Contemporaneamente alla trasformazione del panorama politico e legislativo francese prende avvio anche quella che è ricordata come la prima Guerra del Golfo che rese, così, impossibile la migrazione verso gran parte dei Paesi petroliferi del Medio Oriente. Ciò comportò un ri-orientamento dei flussi migratori verso l’Europa mediterranea e il blocco sovietico. Il crollo del “socialismo reale” rendeva i Paesi dell’Europa orientale permeabili all’immigrazione, configurandoli, al contempo, come contesti emergenti in cui molti bangladesi aspiravano a giocare le proprie doti imprenditoriali. I rapporti fra la Repubblica Popolare del Bangladesh erano intensi sin dai primi due governi filo-socialisti dell’Awami League. Tali relazioni permisero l’istituzione di borse di studio attraverso le quali migliaia di giovani bangladesi si recavano in Unione Sovietica o in altri Paesi de Patto di Varsavia per frequentare l’università. Fra questi molti rimasero per dedicarsi ad attività imprenditoriali e commerciali negli anni successivi all’implosione sovietica formando cospicue comunità di connazionali. Nonostante una iniziale crescita delle presenze bangladesi, il ristagno economico che caratterizzava l’alba dell’era post-sovietica e il crescente razzismo che colpiva i migranti nelle grandi città finirono per scoraggiare molti bangladesi, i quali, dando ascolto alle insistenti voci sulle alte possibilità di sviluppo economico che caratterizzavano le nuove mete dell’Europa mediterranea, abbandonarono la Russia per dirigersi verso la Spagna, la Grecia e, soprattutto, l’Italia (Della Puppa, 2014; Priori, 2012; Zeitlyn, 2006; 2007).
Per tutti gli anni ‘70 e ‘80, la loro presenza rimane comunque irrisoria e concentrata nella capitale: molto spesso si tratta di migranti di passaggio (con la speranza di transitare verso altre nazioni europee o oltreoceano, in Canada o negli Stati Uniti) e comunque di “pionieri”. Le loro possibilità economiche fuori dal comune, ne fanno una migrazione d’élite, costituita da persone benestanti in Bangladesh, proprietari di terre o industrie, spesso ipotecate o cedute per affrontare l’esperienza all’estero.

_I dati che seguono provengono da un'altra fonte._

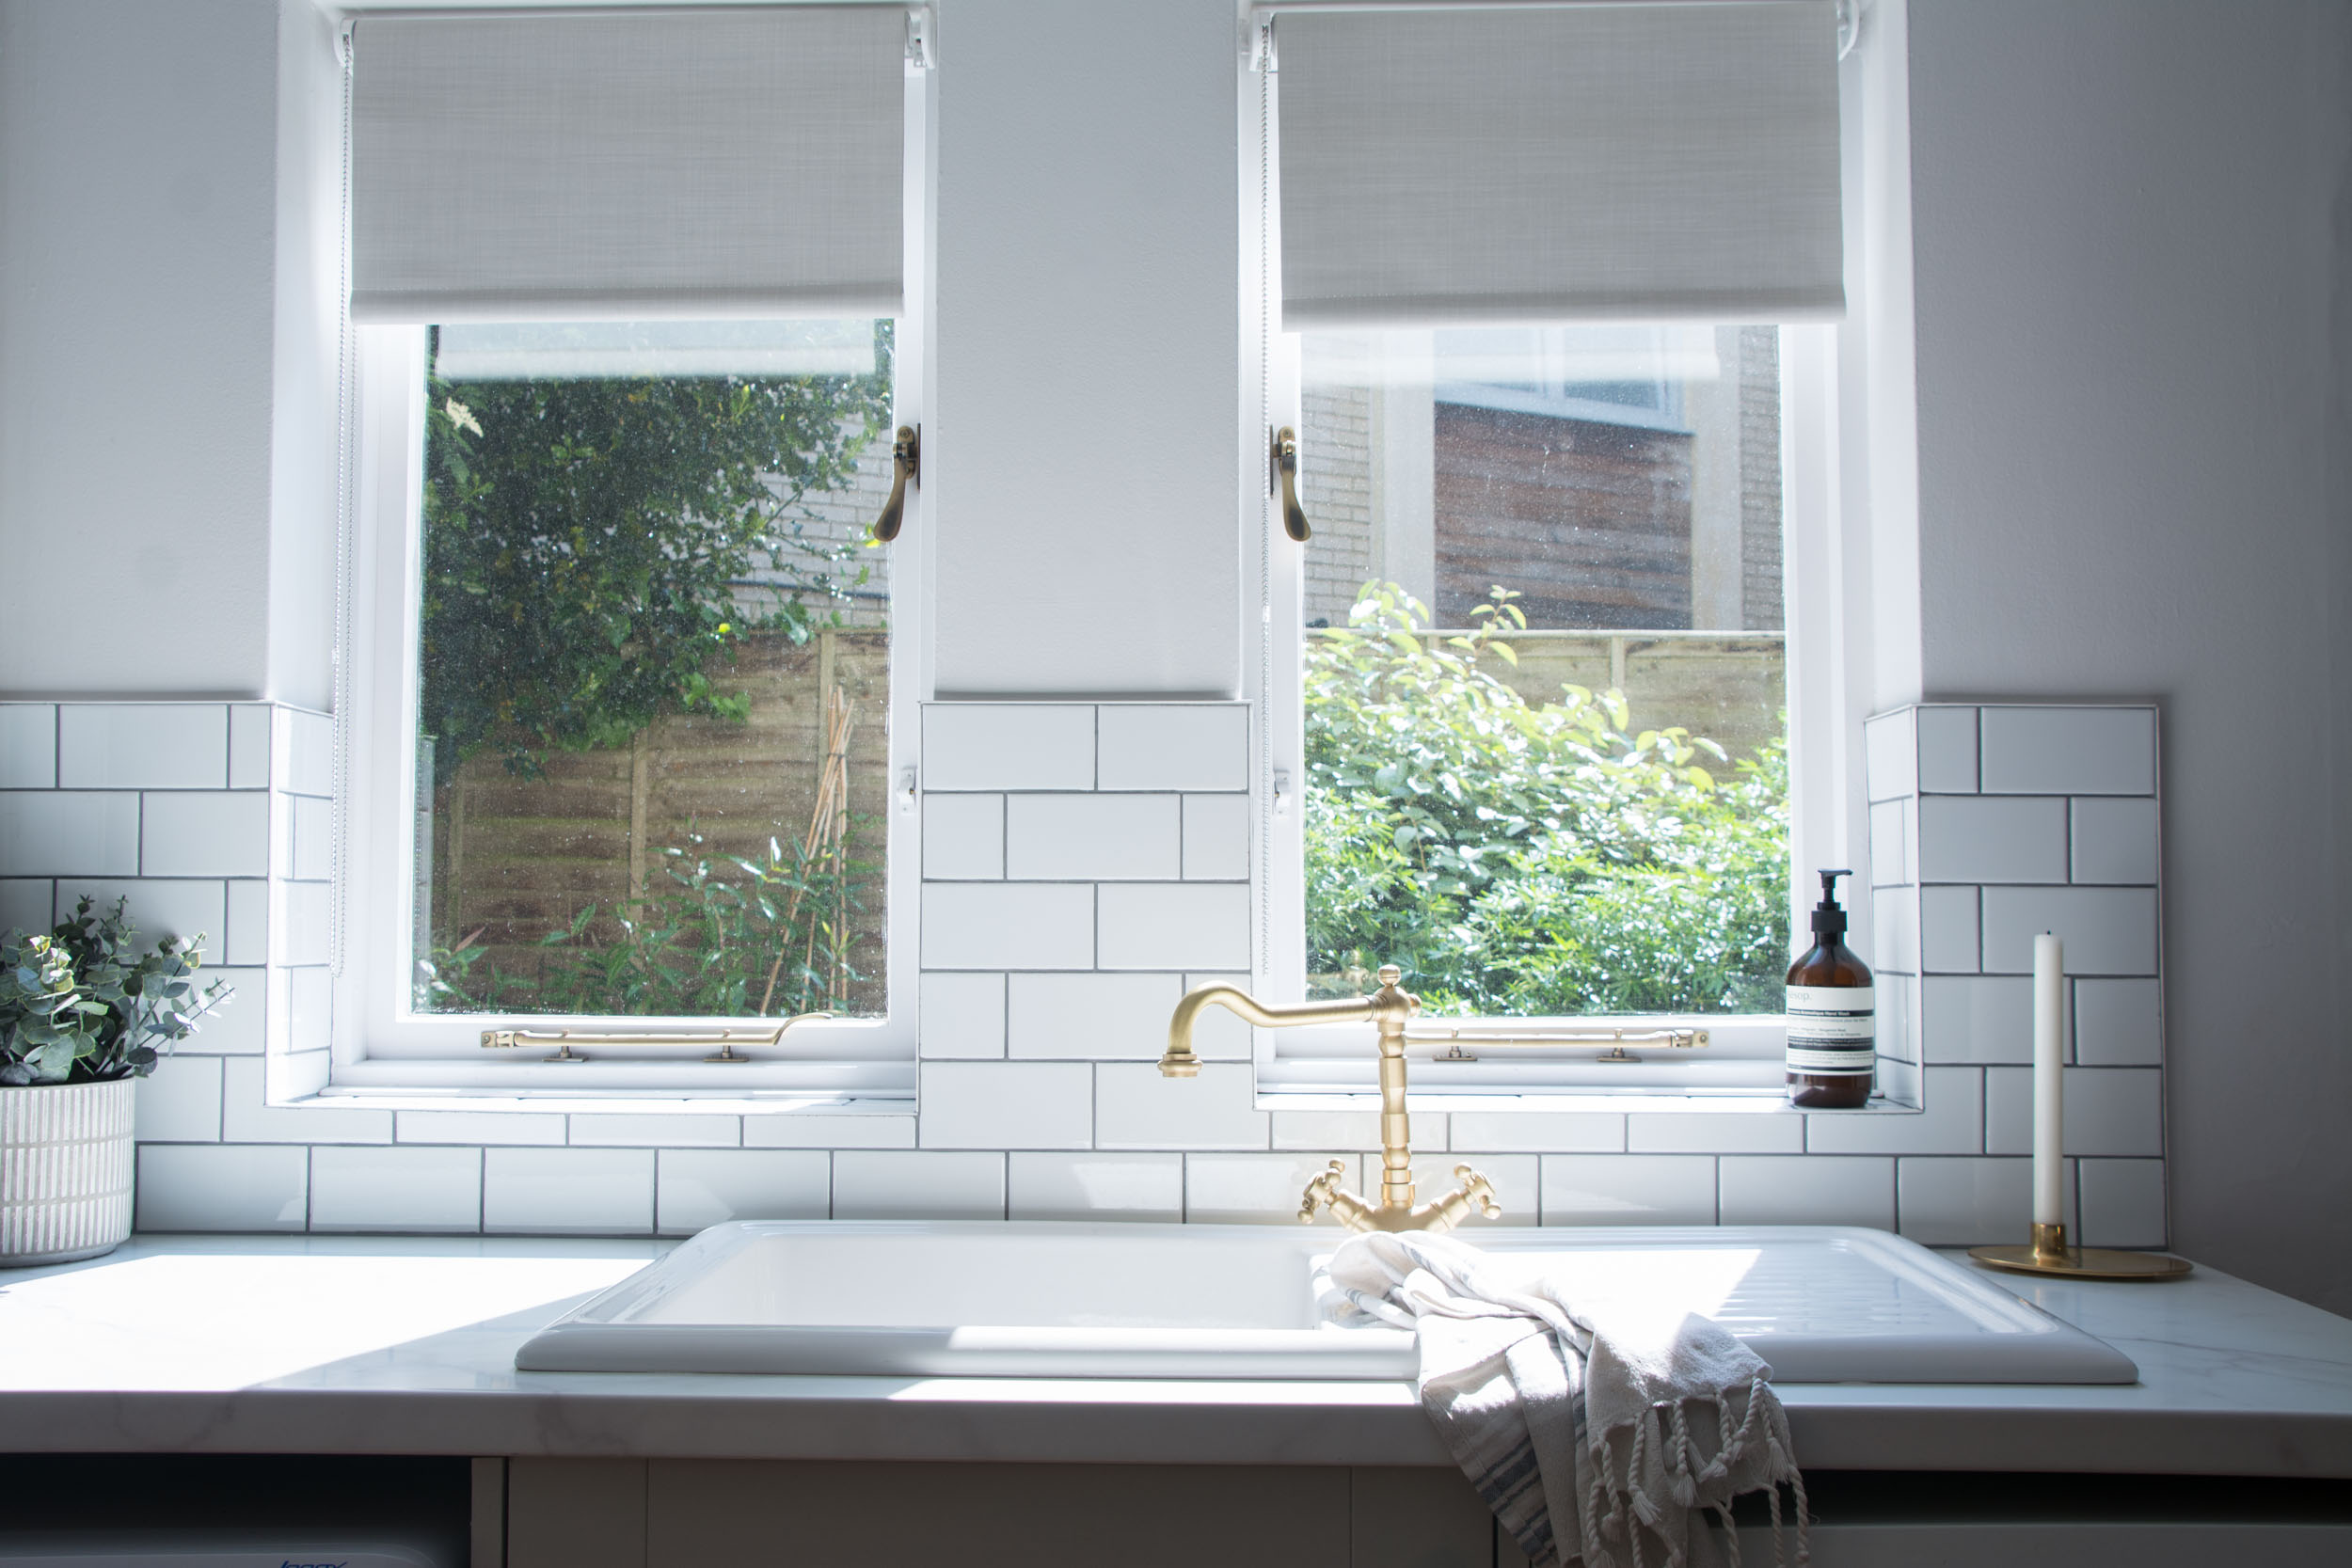 parsons-gray-interior-design-montague-road-4.jpg

Sono gli anni ‘90 che qualificano l’Italia come destinazione importante e i numeri dei permessi di soggiorno in mano a bangladesi ne sono tangibile dimostrazione: dal 1986 alla fine del 1991 essi lievitano – anche per l’effetto della legge 39 del 1990, conosciuta come Legge Martelli – da 101 a 4.296 e riguardano immigrati relativamente ben istruiti di estrazione medio-alta. Gli ultimi dati disponibili sulle presenze bangladesi nella Penisola risalgono a quelli offerti dall’Istat nel 2008, registrano 65.529 immigrati di cui un terzo donne, anche se stime più accurate contano una popolazione di almeno 100 mila individui sul territorio nazionale. La maggior parte di questi immigrati ha fatto ingresso nel Paese irregolarmente, sull’onda dell’incremento della migrazione dal Bangladesh verso l’Italia registrato all’inizio degli anni 2000 in seguito al ri-orientamento delle “tradizionali” rotte migratorie verso i Paesi del Golfo.
Quanto alla distribuzione territoriale di questi migranti, essa è tutt’altro che omogenea, tant’è che essi si concentrano quasi esclusivamente a Roma dove, secondo il Censimento del ‘91, risiede il 92% dei bangladesi in Italia. In questi anni l’insediamento dei bangladesi nella capitale è tanto rapido da rendere tale “comunità” una delle più grandi in Europa, seconda solamente a quella di Londra. Roma è luogo di primo passaggio, dove molti bangladesi possono incontrare, se non conoscenti, compatrioti ed essere informati sulle ultime opportunità di lavoro o di soggiorno in altri Stati europei. La capitale costituisce tutt’oggi uno degli Adam Bepari, un centro di smistamento e irradiazione della diaspora bangladese nel mondo (Knigts, 1996; Priori, 2012; Zeitlyn, 2006).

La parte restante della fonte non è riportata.